**Task instructions**: Identify the line with "Wiring Diagram Harley"; copy word for word that line and every one after it, to the end of the listing. Exclude pictures.

**Exercise data**:
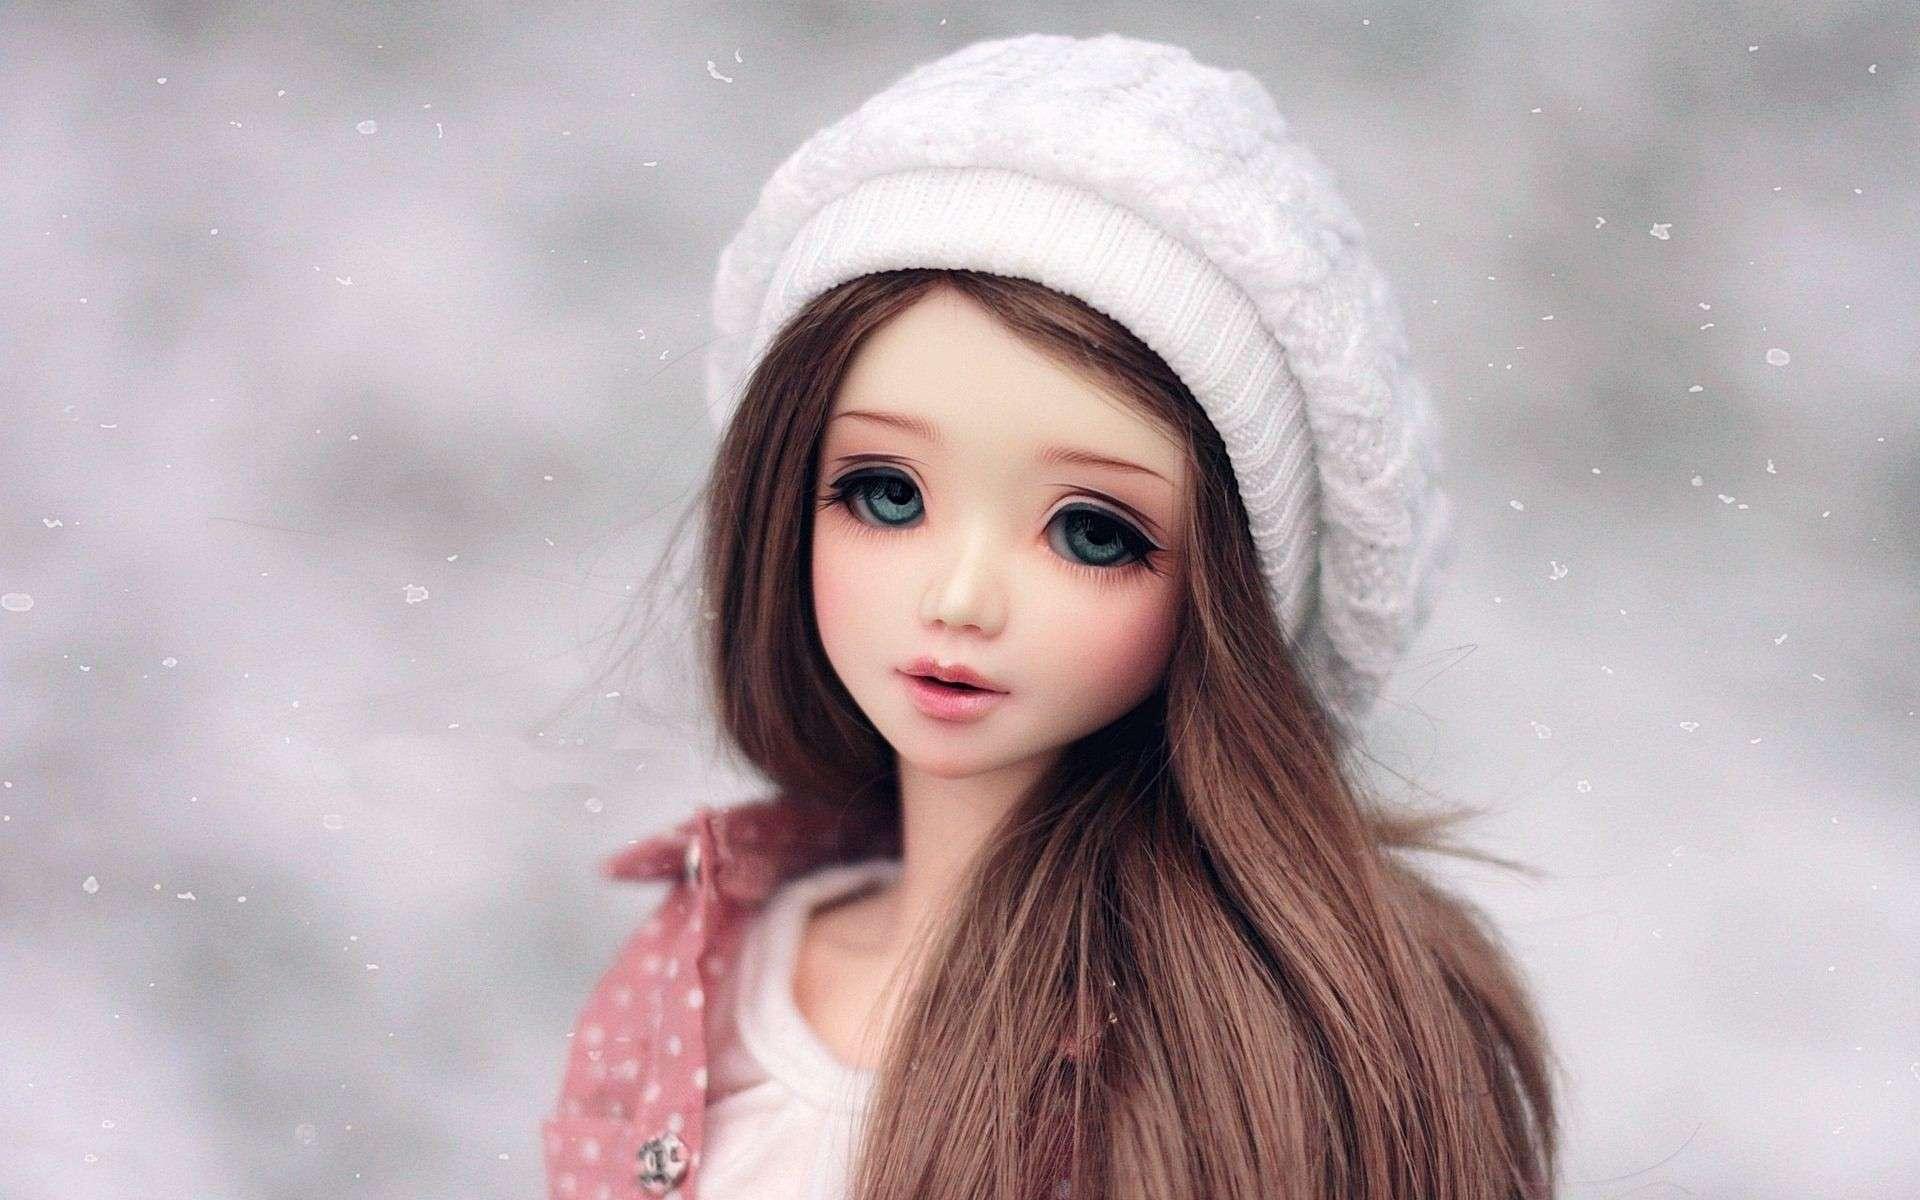 Cool Wallpaper Love Barbie - wc1709820  2018_43727.jpg
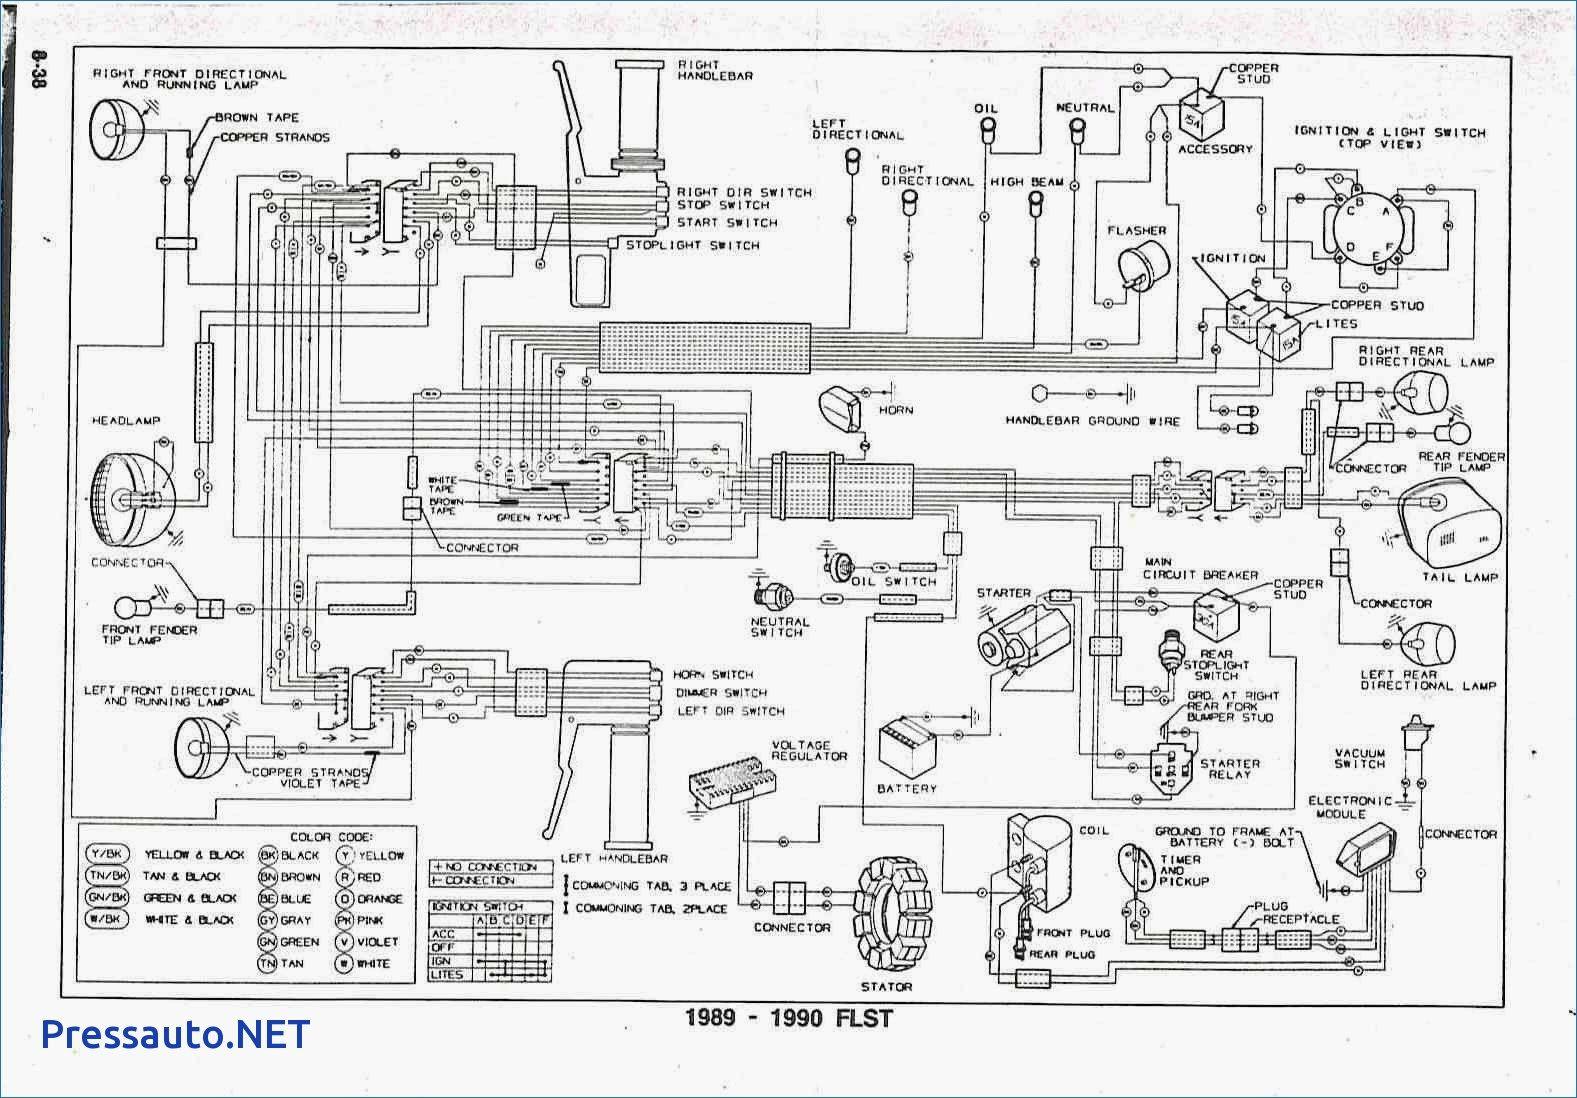 Wiring Diagram Harley Davidson Download Free Printable Of For
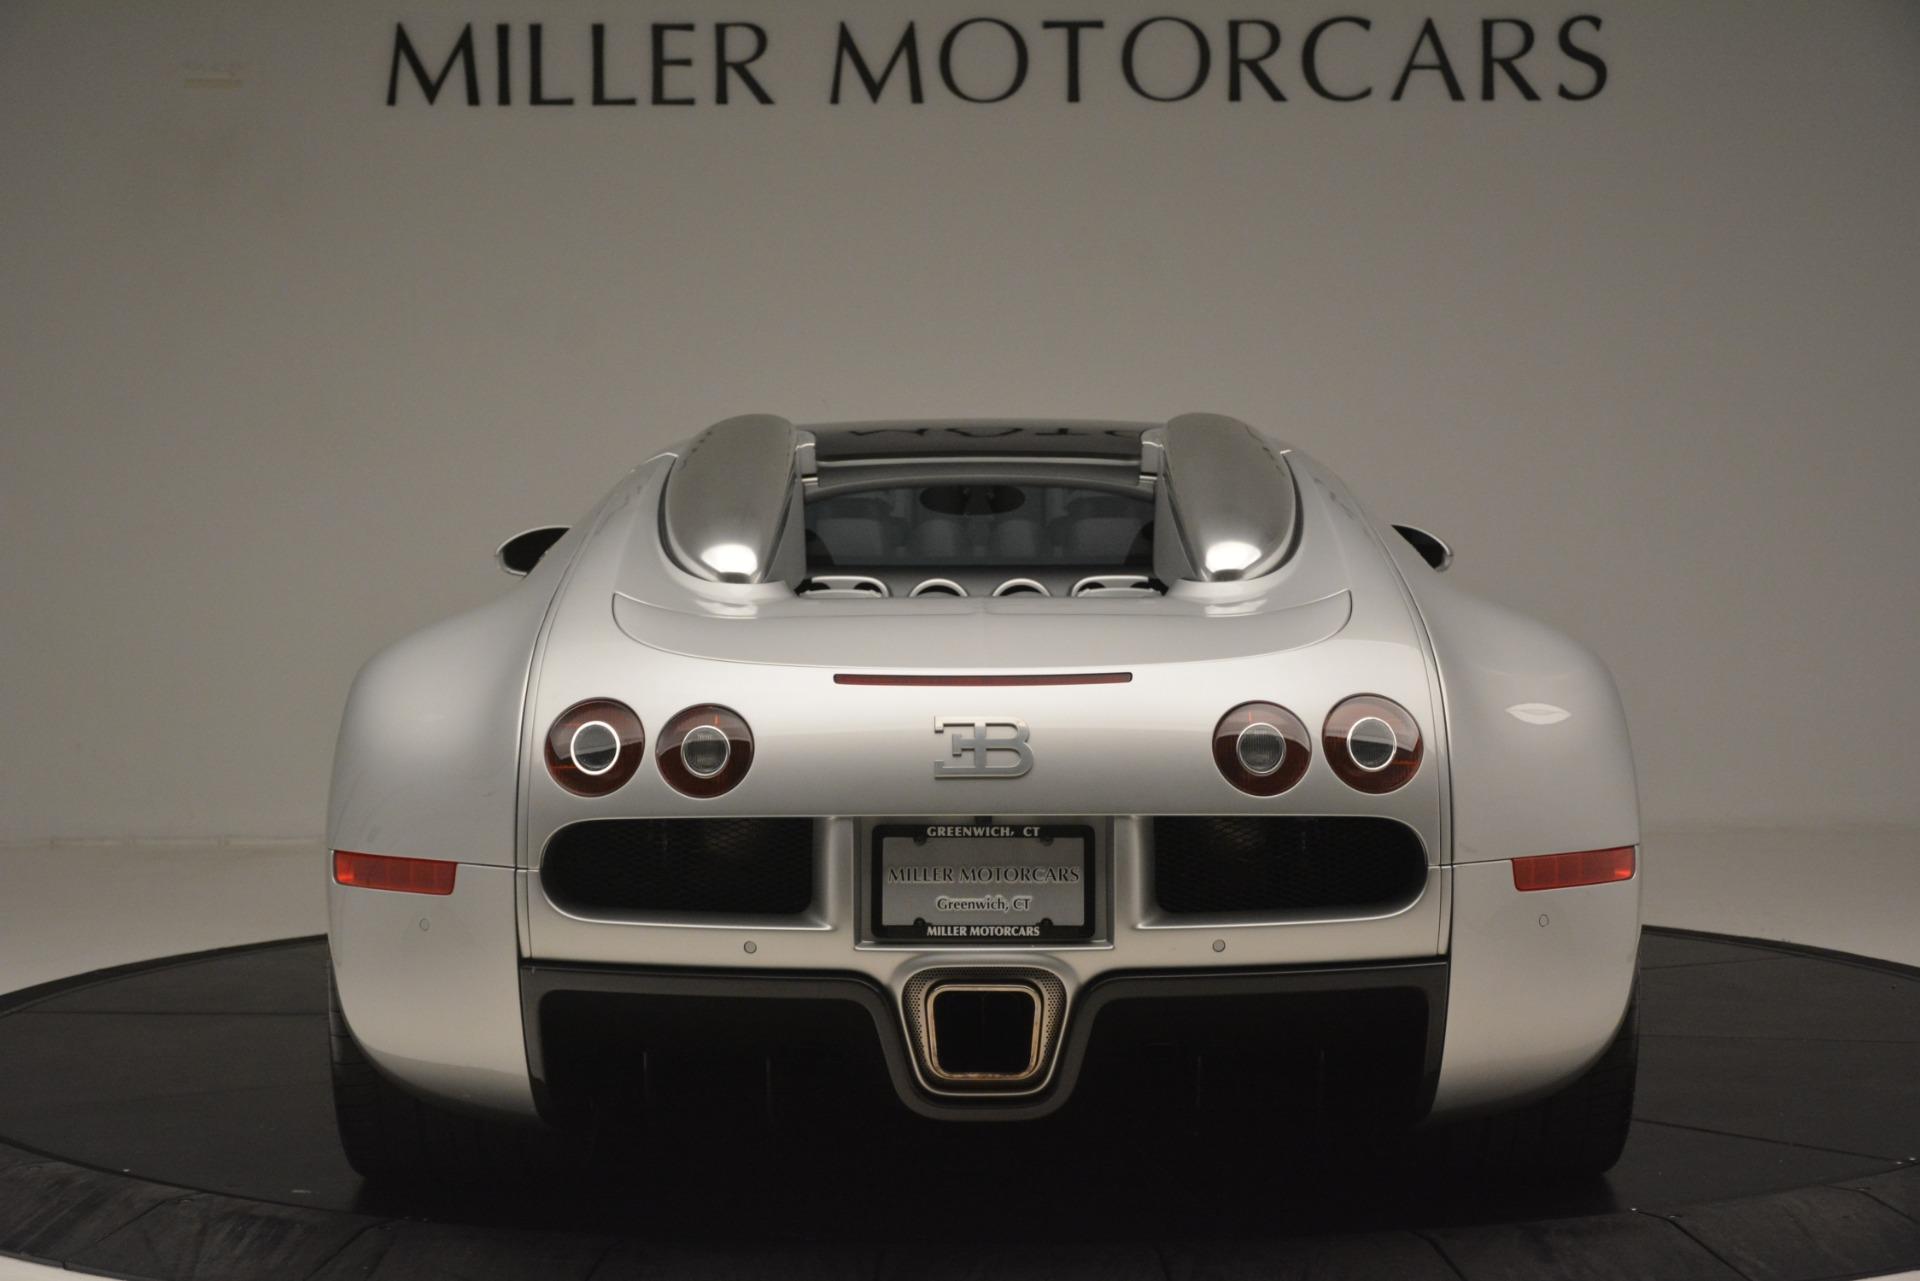 Used 2010 Bugatti Veyron 16.4 Grand Sport For Sale In Greenwich, CT 3159_p17

**Response below**:
 Wiring Diagram Harley Davidson Download Free Printable Of For
 Used 2010 Bugatti Veyron 16.4 Grand Sport For Sale In Greenwich, CT 3159_p17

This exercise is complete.